With the images removed, repeat the data below exactly.
### Recorded information ###
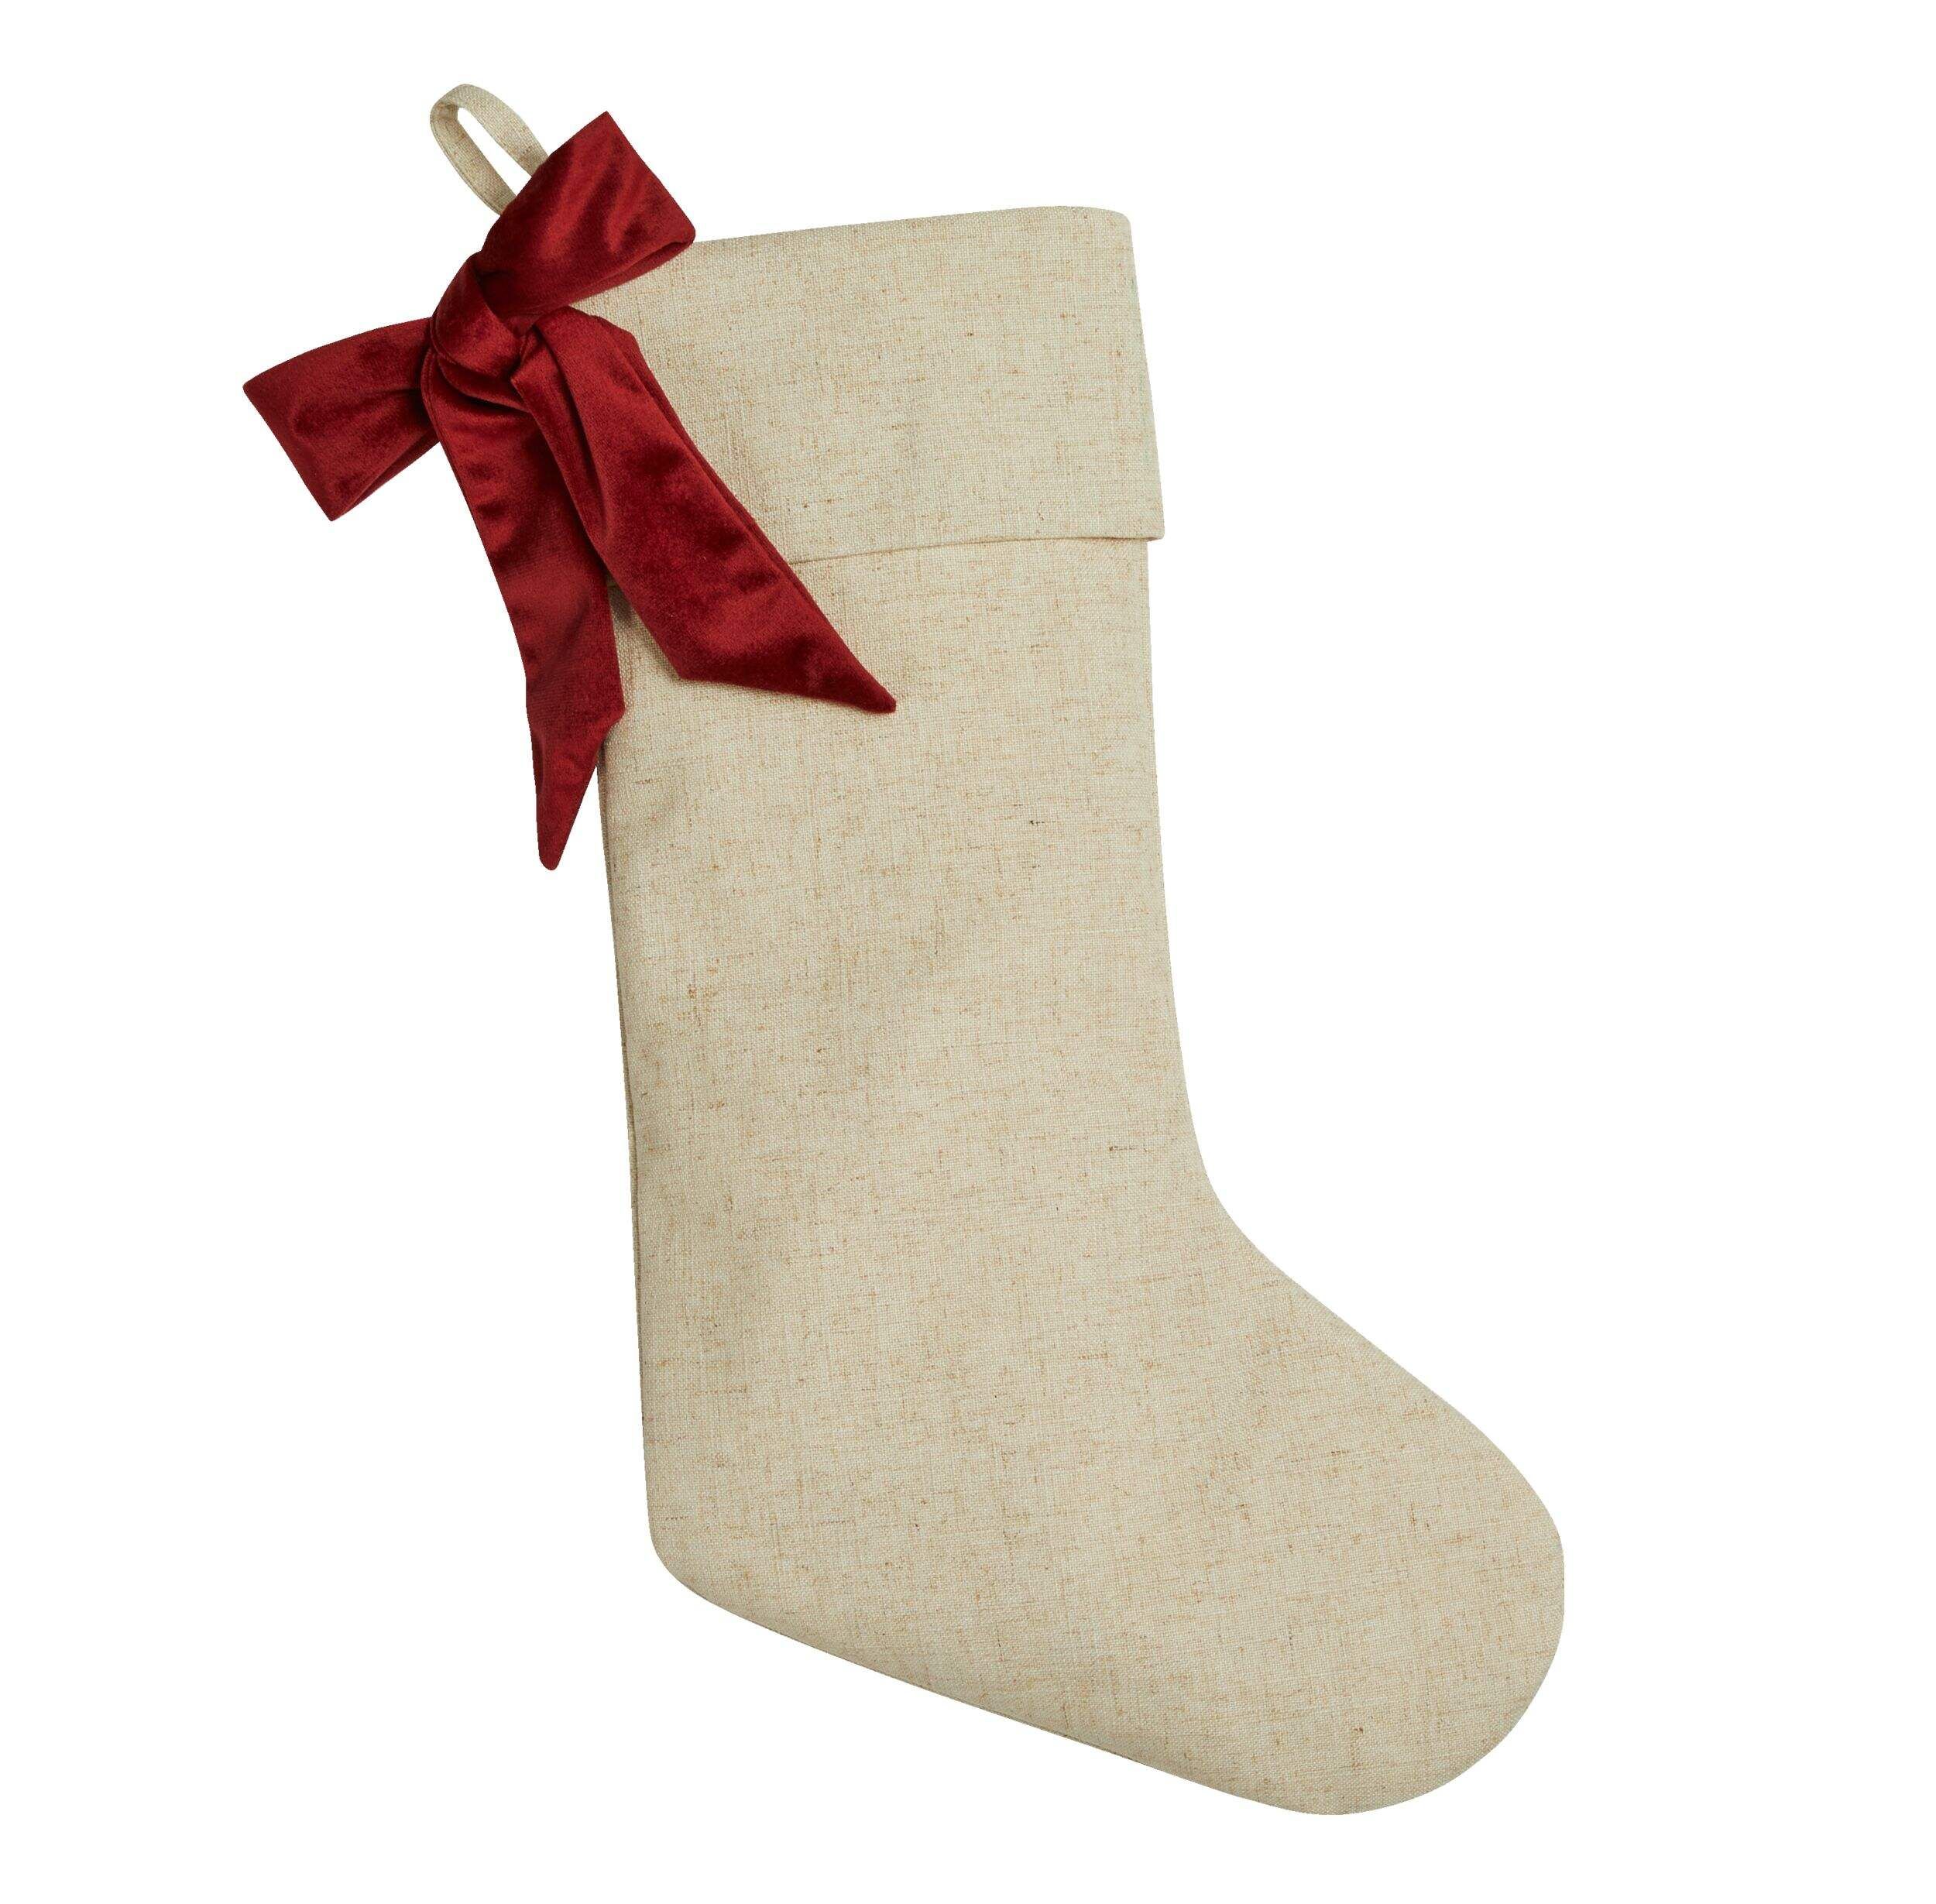 CANVAS Winter Garden Christmas Decoration Linen with Removal Bow Stocking, 18.5-in | Canadian Tire
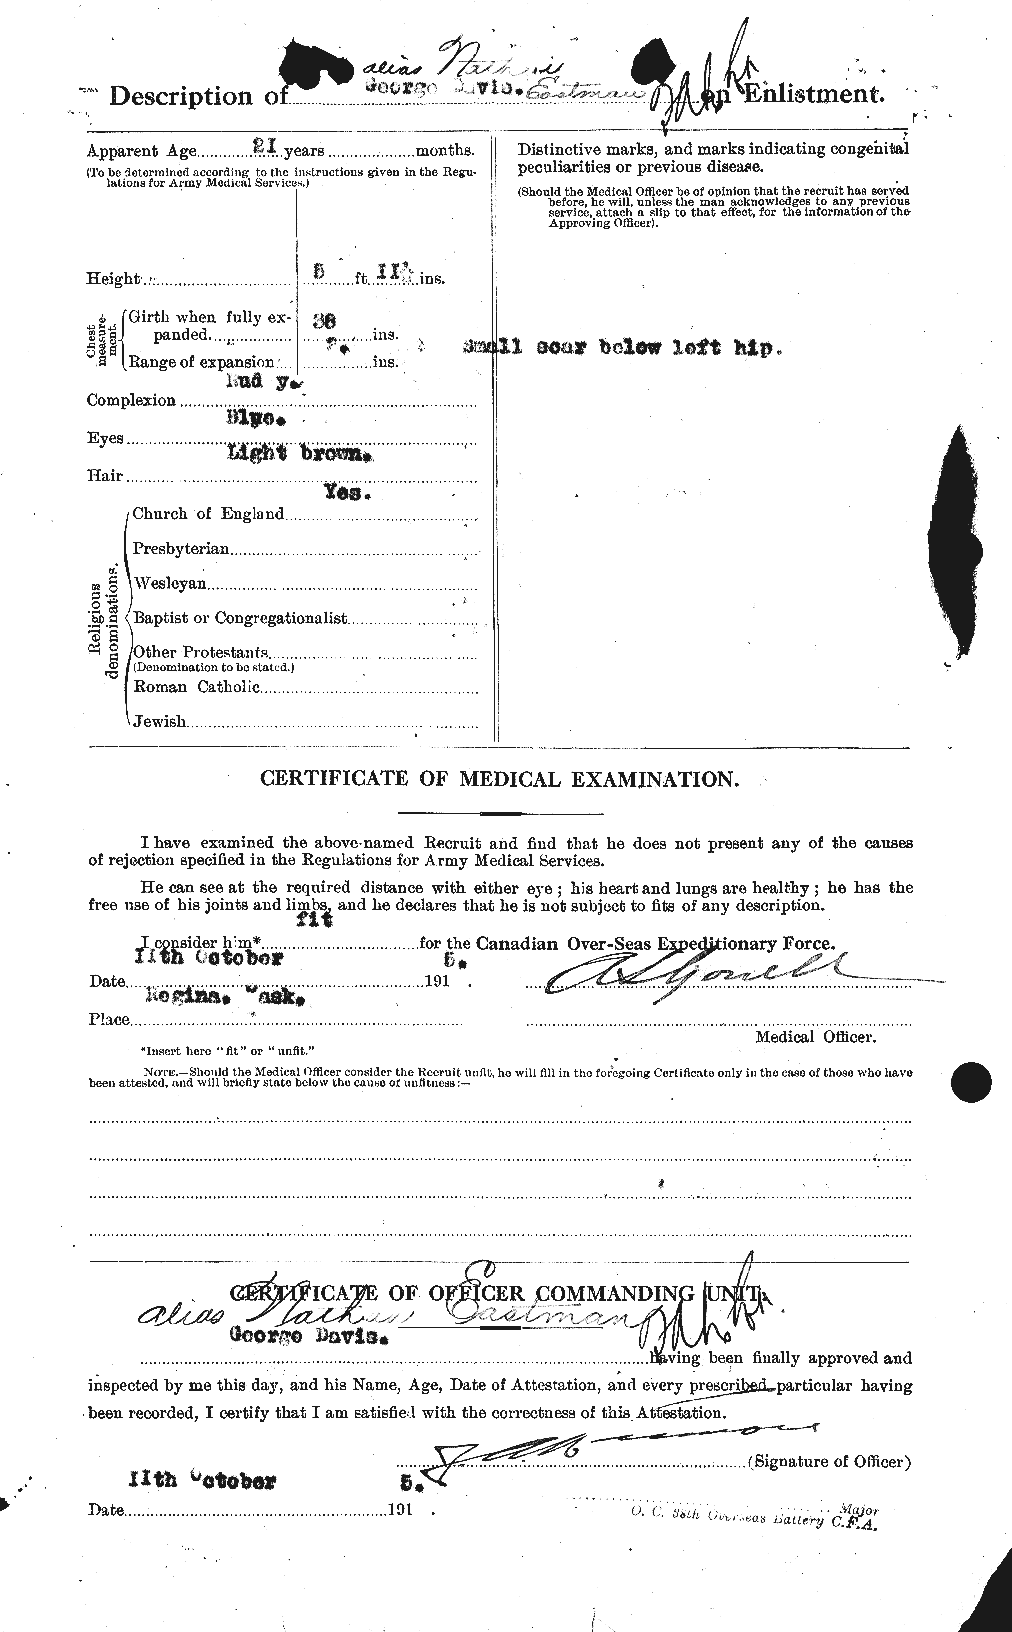 Personnel Records of the First World War - CEF 307438b
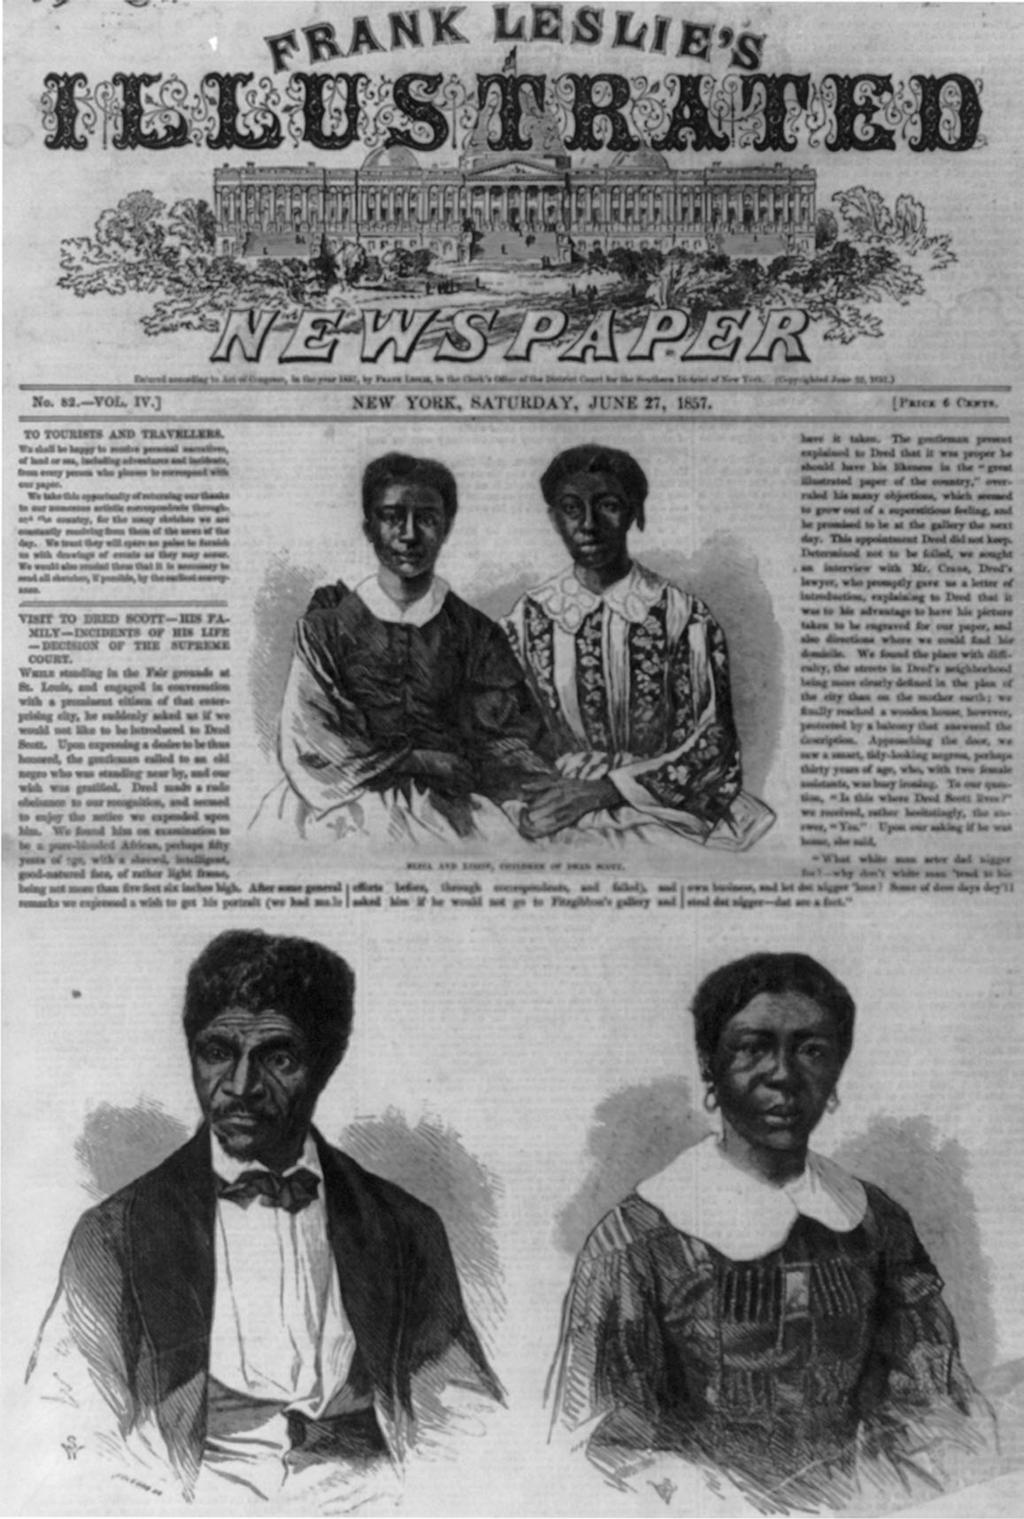 Figure 1. In June 1857, in the wake of the U.S. Supreme Court proslavery ruling in Dred Scott v. Sanford, Leslie s Illustrated Weekly sought out Dred Scott in St.
###
Output below =>
 CANVAS Winter Garden Christmas Decoration Linen with Removal Bow Stocking, 18.5-in | Canadian Tire
 Personnel Records of the First World War - CEF 307438b
 Figure 1. In June 1857, in the wake of the U.S. Supreme Court proslavery ruling in Dred Scott v. Sanford, Leslie s Illustrated Weekly sought out Dred Scott in St.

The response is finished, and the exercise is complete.